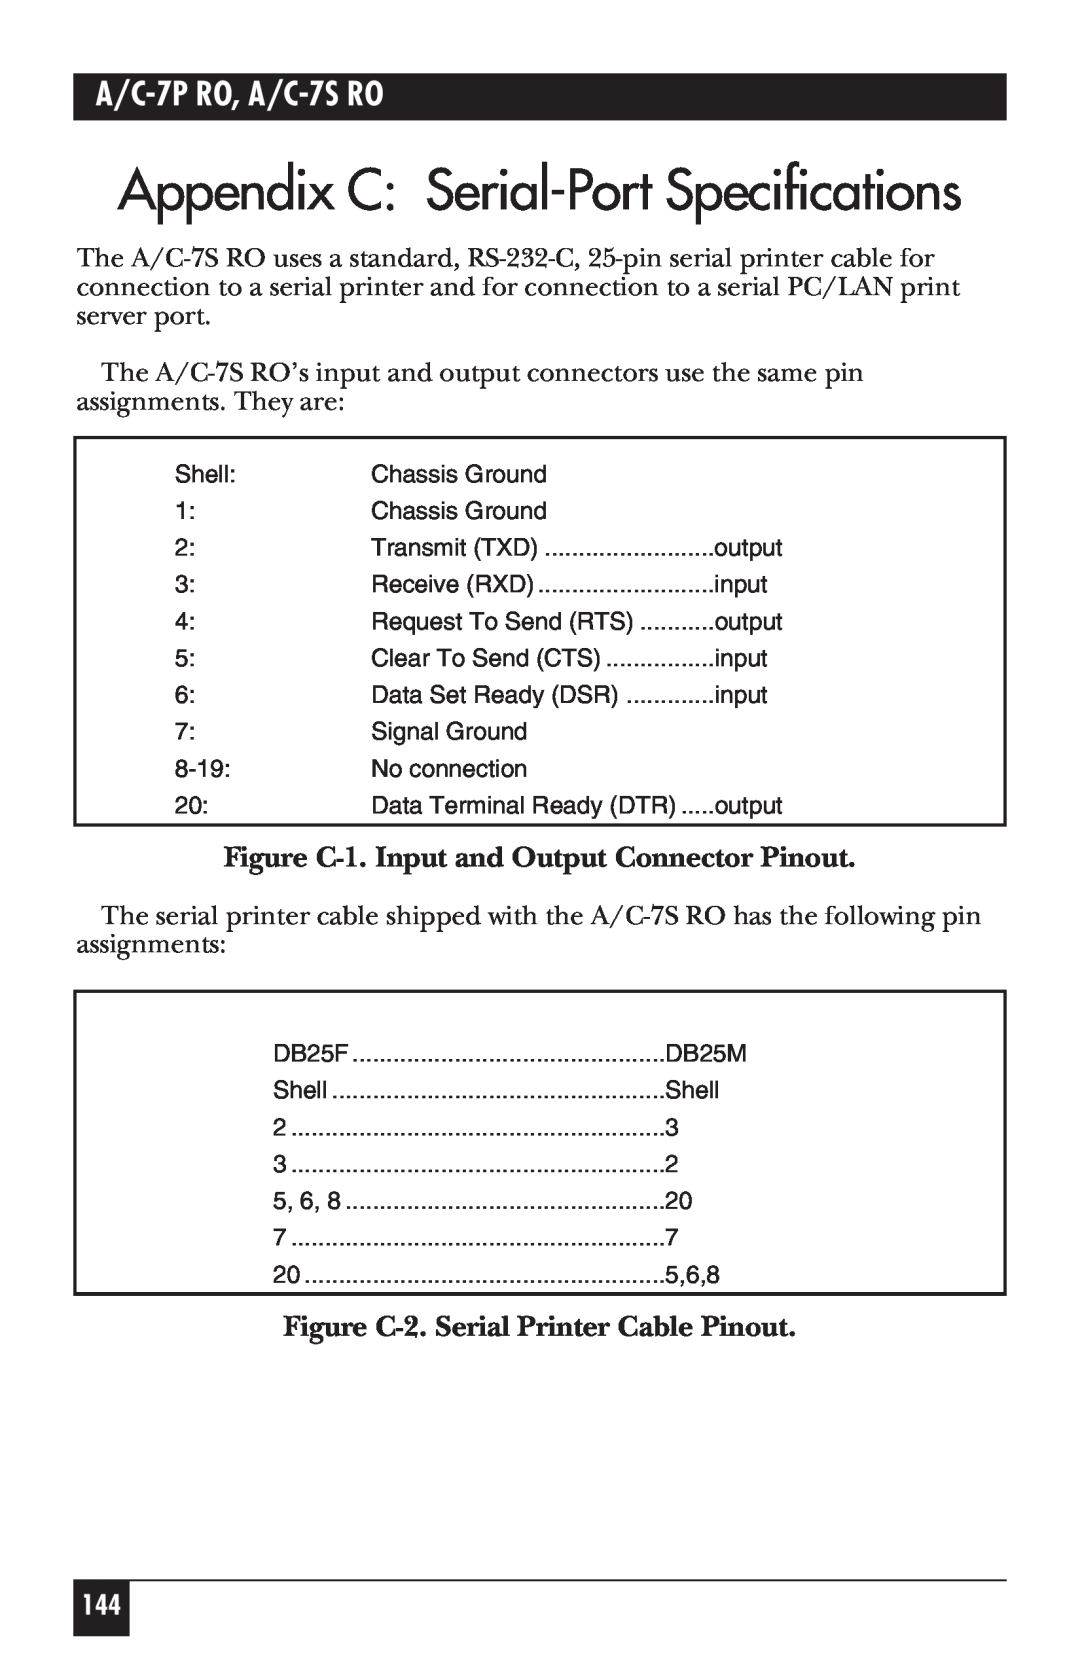 Black Box A/C-7P RO, A/C-7S RO manual Appendix C Serial-Port Specifications, Figure C-1. Input and Output Connector Pinout 
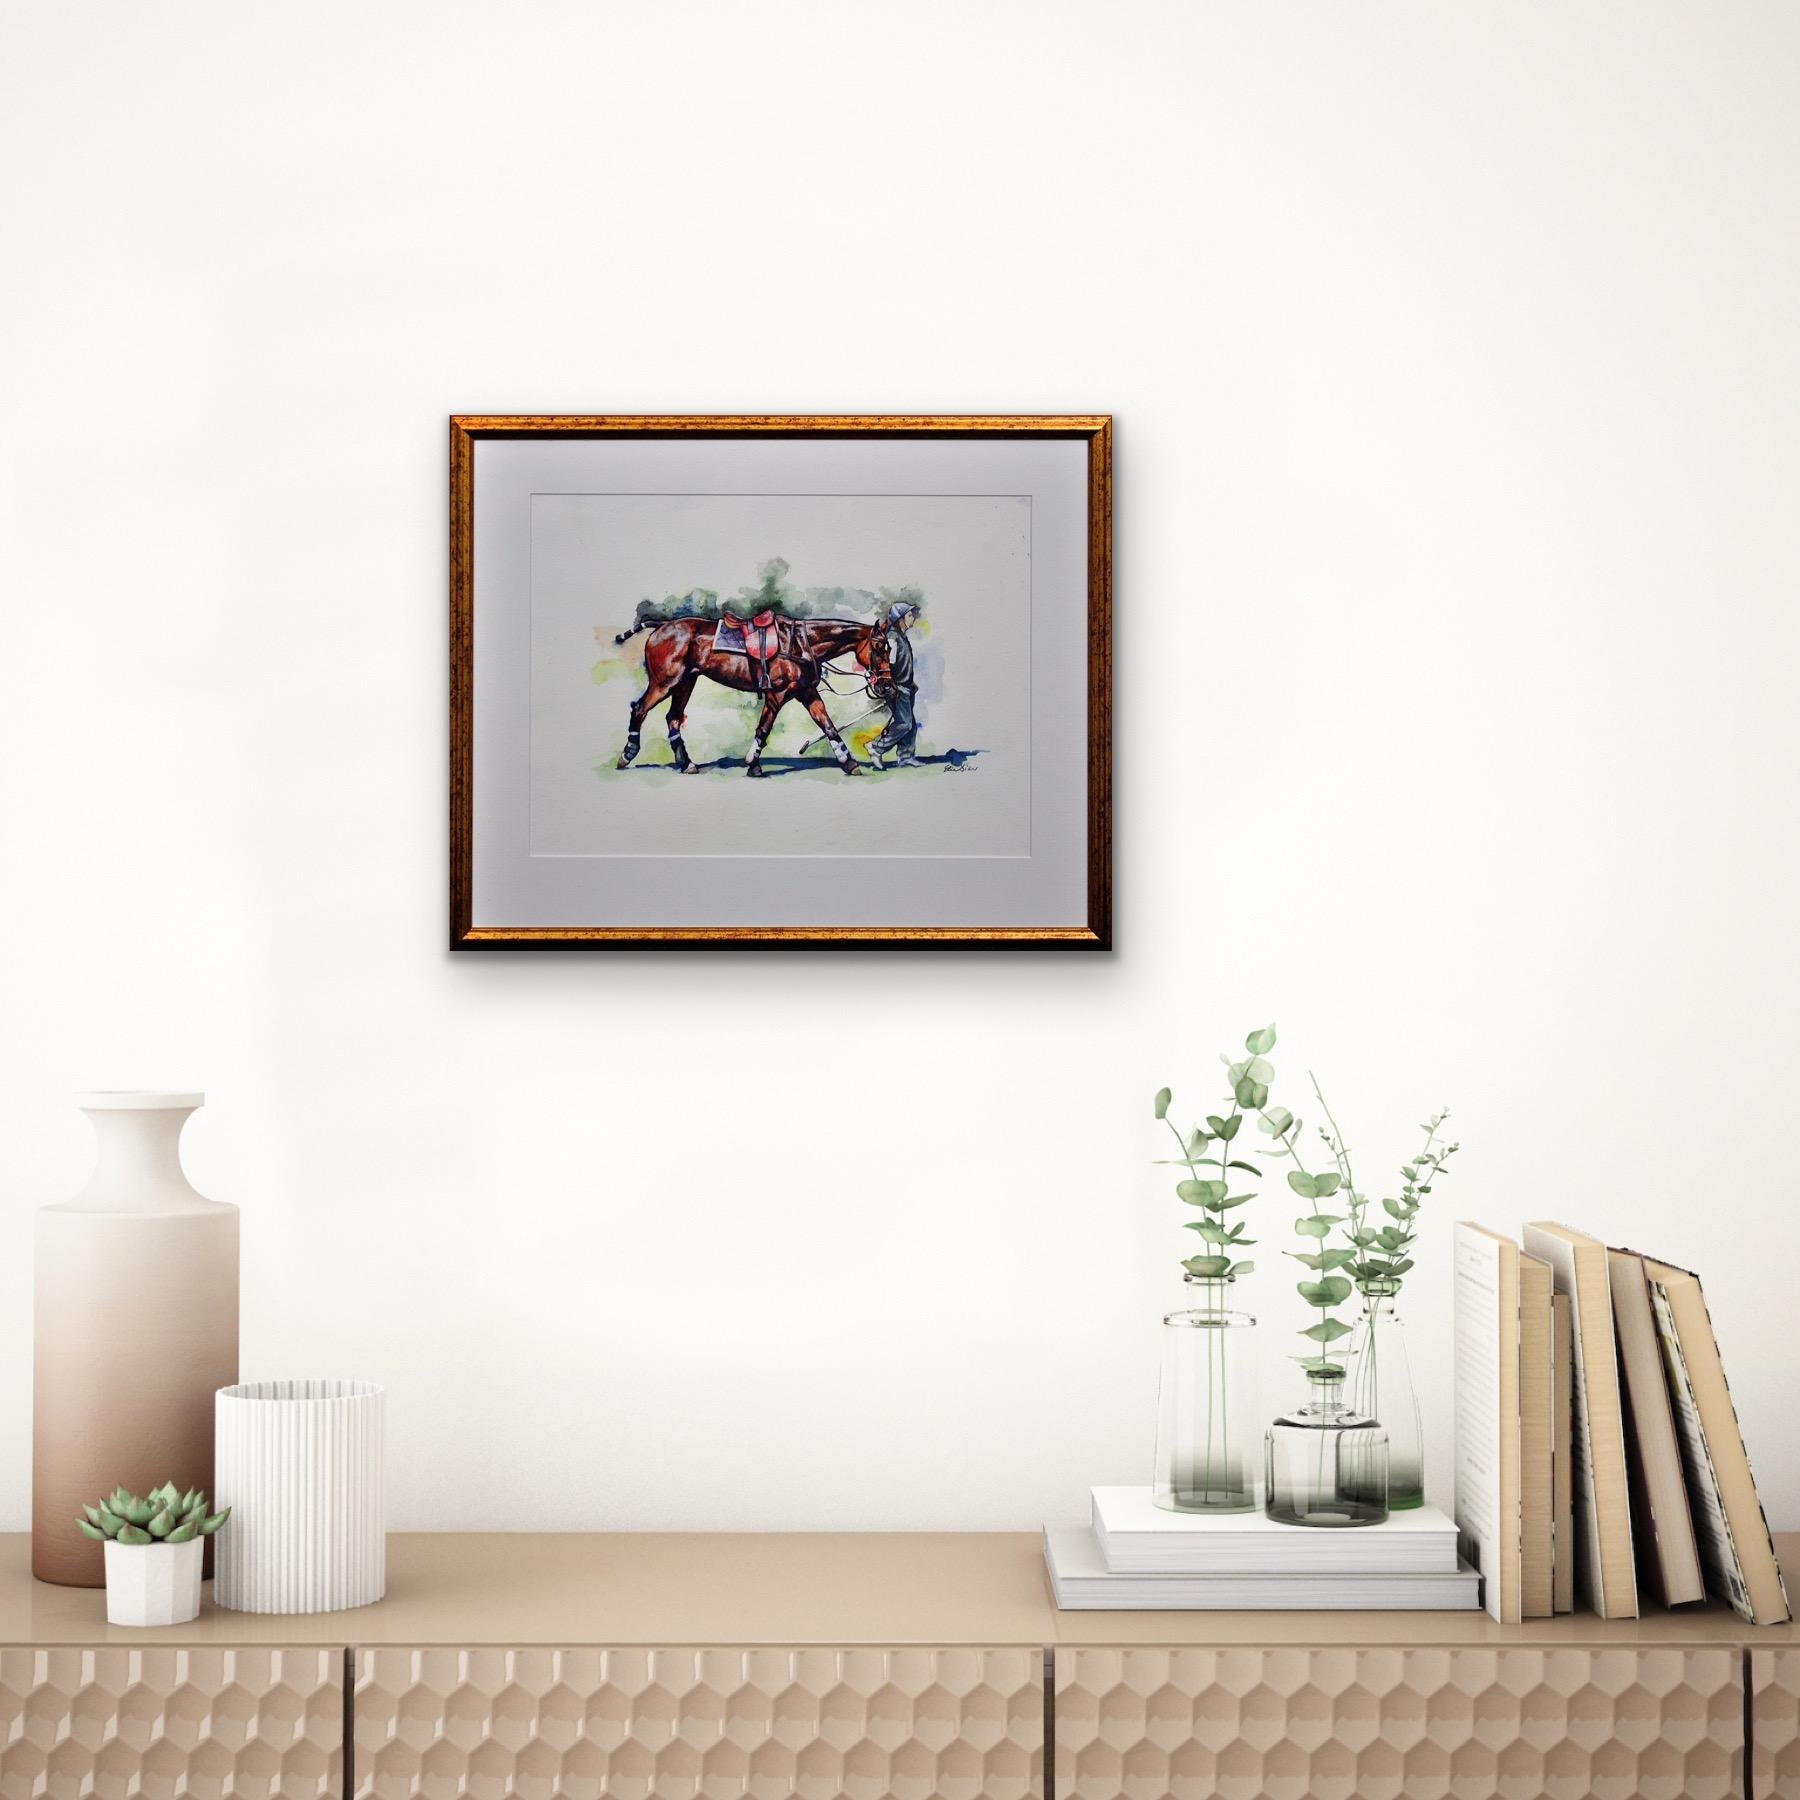 Polo Match, Cirencester, Player Leading Pony. Cotswolds. Framed Watercolor. For Sale 7
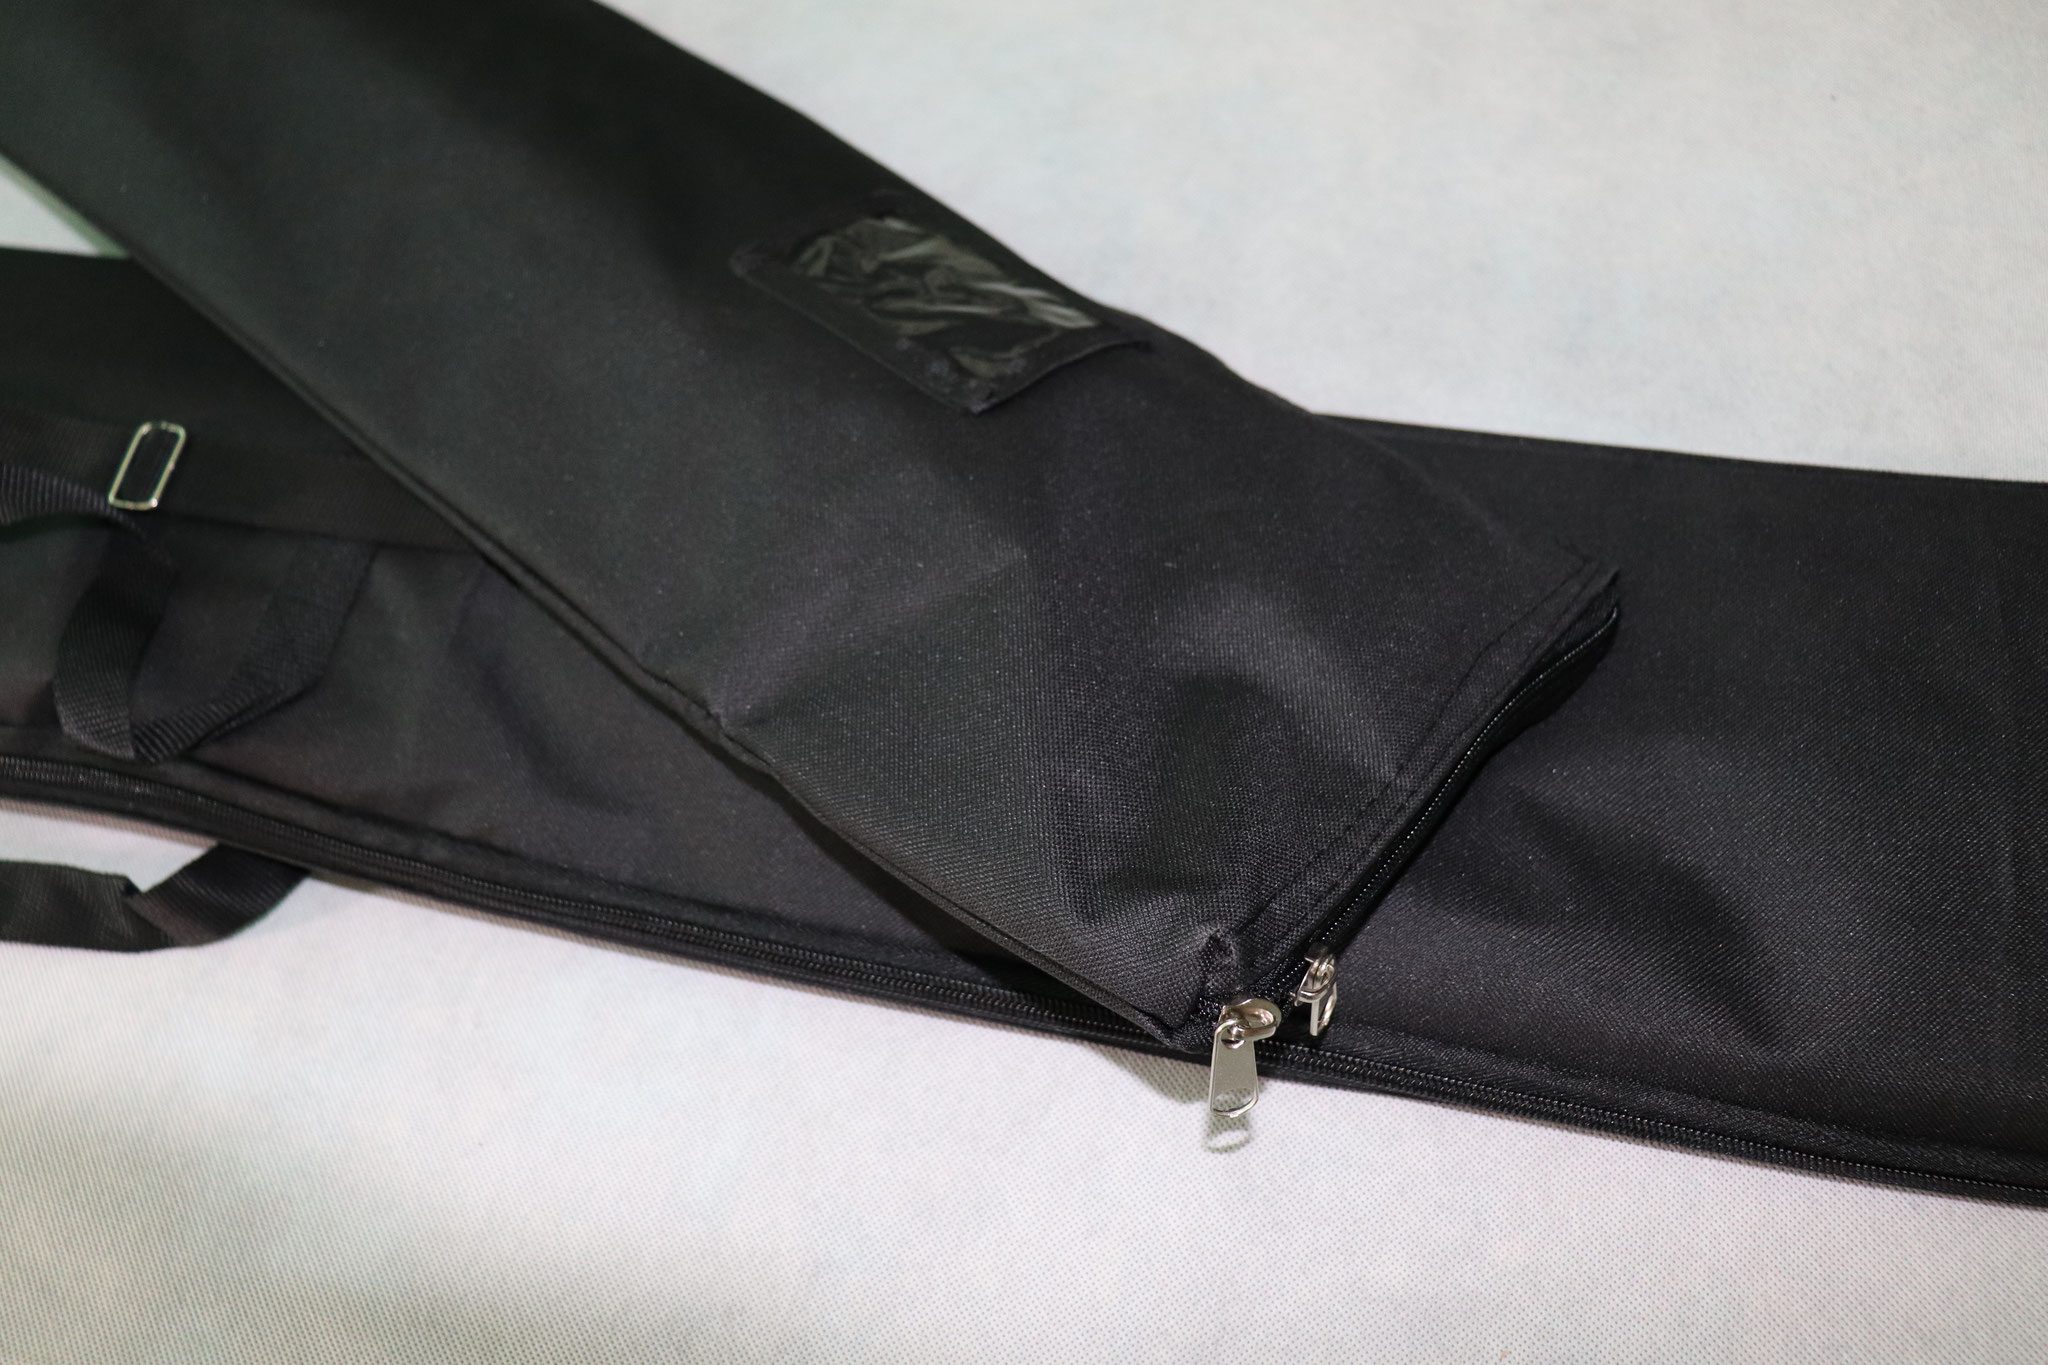 Fibrelight Printed Feather Flags - Double Zip & ID Pocket Bags

■ Your objective ■
The reply must hold every line above exactly as written and none of the pictures.

■ Written solution ■
 Black Box A/C-7P RO, A/C-7S RO manual Appendix C Serial-Port Specifications, Figure C-1. Input and Output Connector Pinout 
 Polo Match, Cirencester, Player Leading Pony. Cotswolds. Framed Watercolor. For Sale 7
 Fibrelight Printed Feather Flags - Double Zip & ID Pocket Bags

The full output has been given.